If I allow a nurse case manager to participate in the care of a patient/claimant, I do so under very stringent guidelines which I make the nurse case manager agree to and sign before the nurse case manager can become involved in the case. If the nurse case manager will not adhere to these guidelines and sign, I will not allow him or her to participate in the case any further. For example, I do not allow the nurse case manager to be present in the examination room during the examination of the claimant. For one thing, this destroys the doctor/patient confidentiality. In addition, it is completely inappropriate.

If you decide allow the nurse case manager to participate in your case, you must always remember that the nurse case manager is a double agent. Anything that you relate to him or her is not confidential and you can assume that it will be conveyed to the adjuster. You should also remember that the nurse case manager’s ultimate allegiance is to the carrier since it is the carrier who pays the nurse case manager, not the claimant.

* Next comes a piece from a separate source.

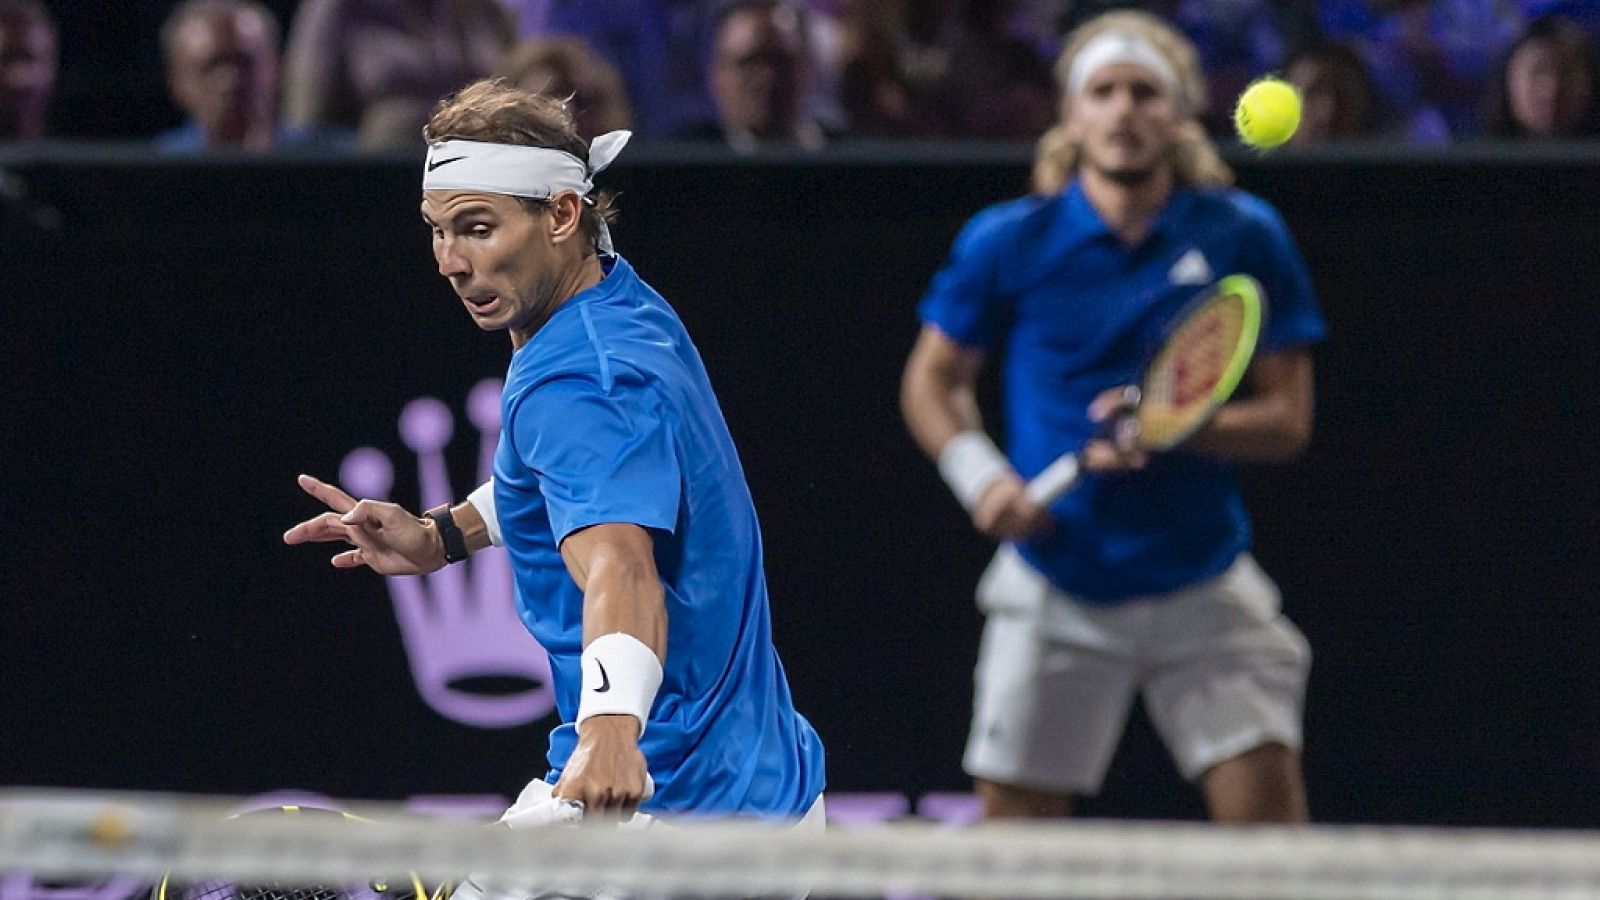 Tenis - Laver Cup 2019. 8º partido dobles: Nadal/Tsitsipas - Kyrgios/Sock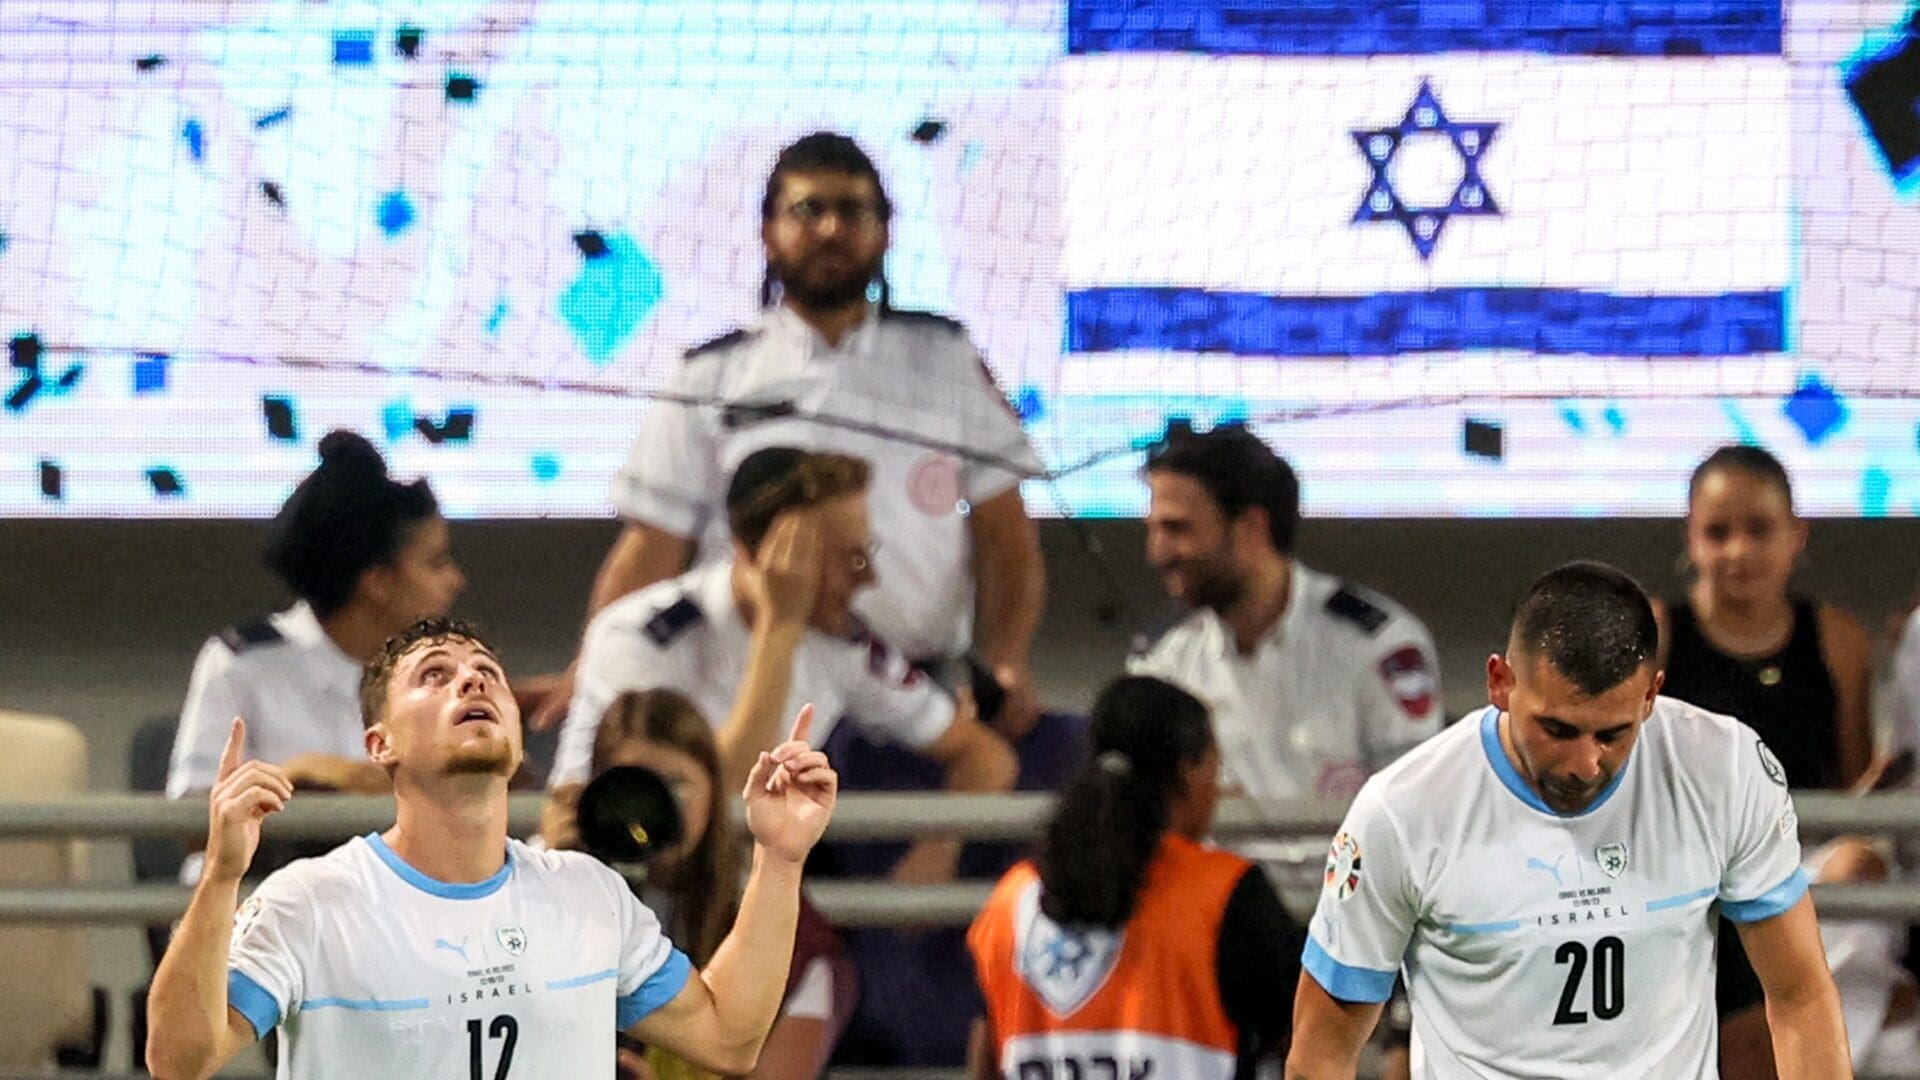 Europei, Israele giocherà la partita 'in casa' dei playoff in Ungheria

Should I sign the Voluntary Agreement?

In Connecticut, the Voluntary Agreement is a form by which the respondent/employer accepts the compensability of an injury. This means that the employer/respondent is agreeing that an injury took place at work which arose out of and in the course of your employment. It does not mean that the injured employee can treat wherever she wishes or that the respondent employer will pay for all of the benefits that you request.

In deciding whether to sign this agreement, the employee must carefully review all of the information contained within the agreement. Specifically, you must scrutinize the date of the injury, the injured body parts listed, the average weekly wage and the compensation rate that are set forth. It is common for the employer/respondent to accept only some of the injuries that are being alleged to have happened at work. For example, a worker may have slipped and fallen on a slippery floor sustaining injuries to both her back and neck. The employer may indicate on the voluntary agreement that it is accepting a strain of the lumbar and cervical spine, even though it has been established by an MRI that there are herniated discs at both levels. The employer may do so in an attempt to limit the exposure when a final rating has been provided. By not accepting the herniations, the employer can later make the argument that while it was responsible for a short-term (self-limited) strain of the neck and back, it is not responsible for any permanent injury. Simply stated, the employer is hedging its bets by stating that an injury occurred at work, although it is only accepting responsibility for a sprain, rather than for the more serious herniation. However, with the help of a strong medical report and a good lawyer, the injured employee should be able to prove that the employer is responsible for the herniations, not just the sprain/strain.

The employer may also not include concurrent employment in calculating the compensation rate, which is the amount the carrier will pay you, tax free, each week. Under Connecticut statutes if the injured employee is prevented from working at a second job, then any earnings from the second job must be calculated in her total average weekly wages.

While the voluntary agreement states that this is not a “final agreement”, once the voluntary agreement has been signed by both parties and approved by the commissioner, then the only way to correct a mistake is by filing a Motion to Open the agreement. This will require a hearing before a commissioner, and the burden will be on the moving party. This is not necessarily an easy prospect, and, for that reason, it is strongly recommended that the claimant reviews the proposed voluntary agreement with an attorney prior to signing it.

There are generally two types of voluntary agreements. The first is the one that has been described above and is sometimes called a “jurisdictional” voluntary agreement. The other voluntary agreement is one in which the parties have agreed to the permanency rating that has been issued by either the treating physician, or is a compromise between the treating physician’s rating and an IME rating (and possibly, the commissioner’s examination as well).